On the way down through the earths crust the rainwater approaches but does not reach the hot molten core, absorbing more and more heat as it descends. At a depth of about 3,000 to 4,000 metres, at a temperature somewhere between 60 degrees centigrade and 90 degrees centigrade the water reverses its course and starts to come back to the surface, losing some of its heat but none of its minerals and salts as it gushes from the earth at the rate of 250,000 gallons a day. The hot spring water emerges at one point of origin deep within the earth, but before it finds its way out at ground level it splits up via three different outlets, all quite close together.
The temperature of the water varies a little between the three springs. The appropriately named Hot Bath is the warmest at 49 degrees centigrade (120 degrees Fahrenheit), and the Cross Bath spring the coolest at 40 degrees centigrade (114 degrees Fahrenheit). The Kings Bath spring provides the strongest and most prolific flow of water, at a temperature of 46 degrees centigrade (117 degrees Fahrenheit). The orange colour that stains the baths derives from the iron content of the water, and besides the iron there are over forty other minerals, the most prevalent being calcium sulphate, sodium sulphate, and magnesium chloride, with lesser proportions of strontium sulphate, potassium sulphate, calcium carbonate, and sodium chloride. There are also traces of lithium, bromine and silica.
The original Roman bathing complex of the first century AD was continually enlarged and developed, covering a large area of the town. When the medieval and modern baths were built there was little if any knowledge of the Roman structures that lay beneath them, though it was clear from the remains of sculptures and inscribed stones that the Romans had occupied the place.
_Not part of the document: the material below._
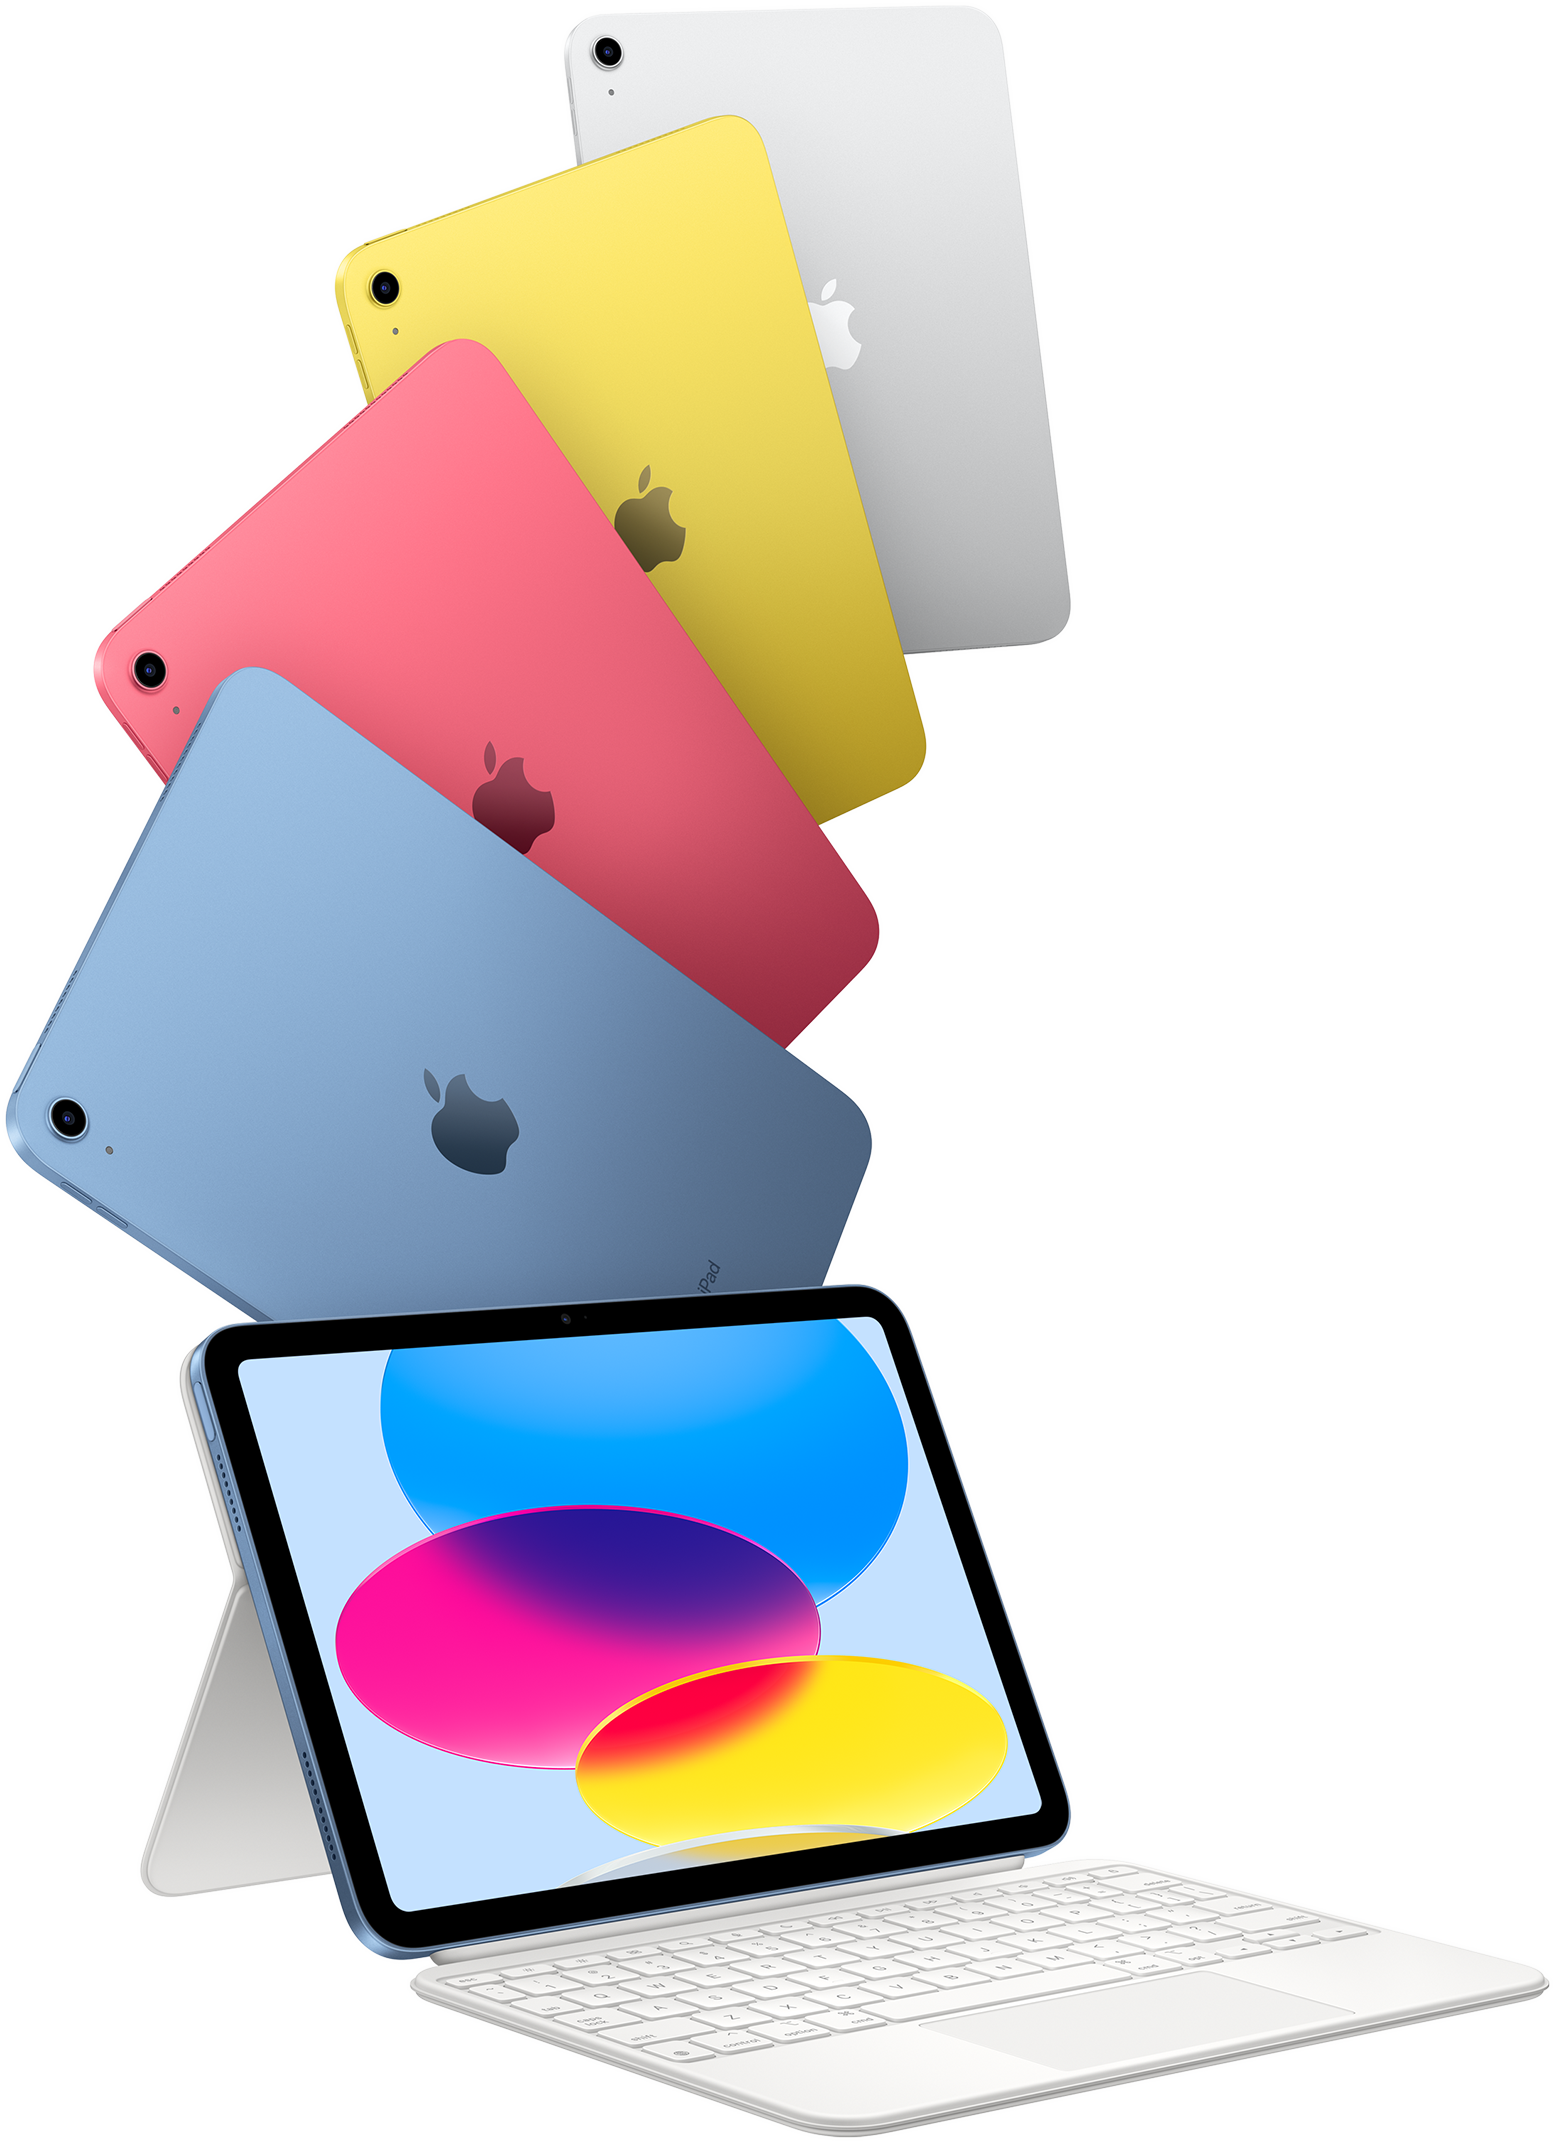 Apple iPad — iPad Air, iPad Pro, iPad

The Kings Bath is said to have been named in the twelfth century after King Henry I, and the name was retained through the following centuries. When John Leland visited Bath in the reign of Henry VIII he described the Kings Bath, the Cross Bath and the Hot Bath, and in 1610 John Speed included a drawing of the Kings Bath in his map of Somerset, showing it just as Leland described it, enclosed within a rectangular, walled precinct, with an inner arcade all round the bath providing niches for the bathers to stand in. The Pump Room was an additional building of the eighteenth century, originally built in 1706, by Richard Nash, better known as Beau Nash. Nearly a century later the Pump Room was rebuilt in its present form by John Palmer. It was re-opened to the public in 1799. The names of the bathing establishments became more elaborate as time went on. A nineteenth-century guidebook lists the Kings Bath, the Queens Bath, the Old Royal Baths, where the Hot Springs emerged, and the New Royal Baths. These were open on weekdays from 7 a.m. till 7 p.m. The current names have reverted to the usage of medieval times: the Kings Bath, the Cross Bath and the Hot Bath. The Great Bath is the main Roman one.
The site where the Roman town of Bath was to be established is surrounded on the west, south and east sides by a loop of the River Avon, with open, hilly land to the north and north-west. The spring of the Kings Bath emerges between two small hills, while the waters of the Hot Bath and the Cross Bath rise a short distance away on the hill to the west of the Kings Bath. No-one knows what the ancient Britons called the place, but when the Romans arrived and named it Aquae Sulis, the Waters of Sulis, they presumably preserved the name of the Iron Age British deity who was associated with the springs. From the very earliest times onwards, the ancient Britons could not have failed to notice the site, where the hot water bursting from the three springs would have created a misty environment all around the surrounding marshy area, and the land and vegetation would have been stained with the orange colour left by the iron content of the water.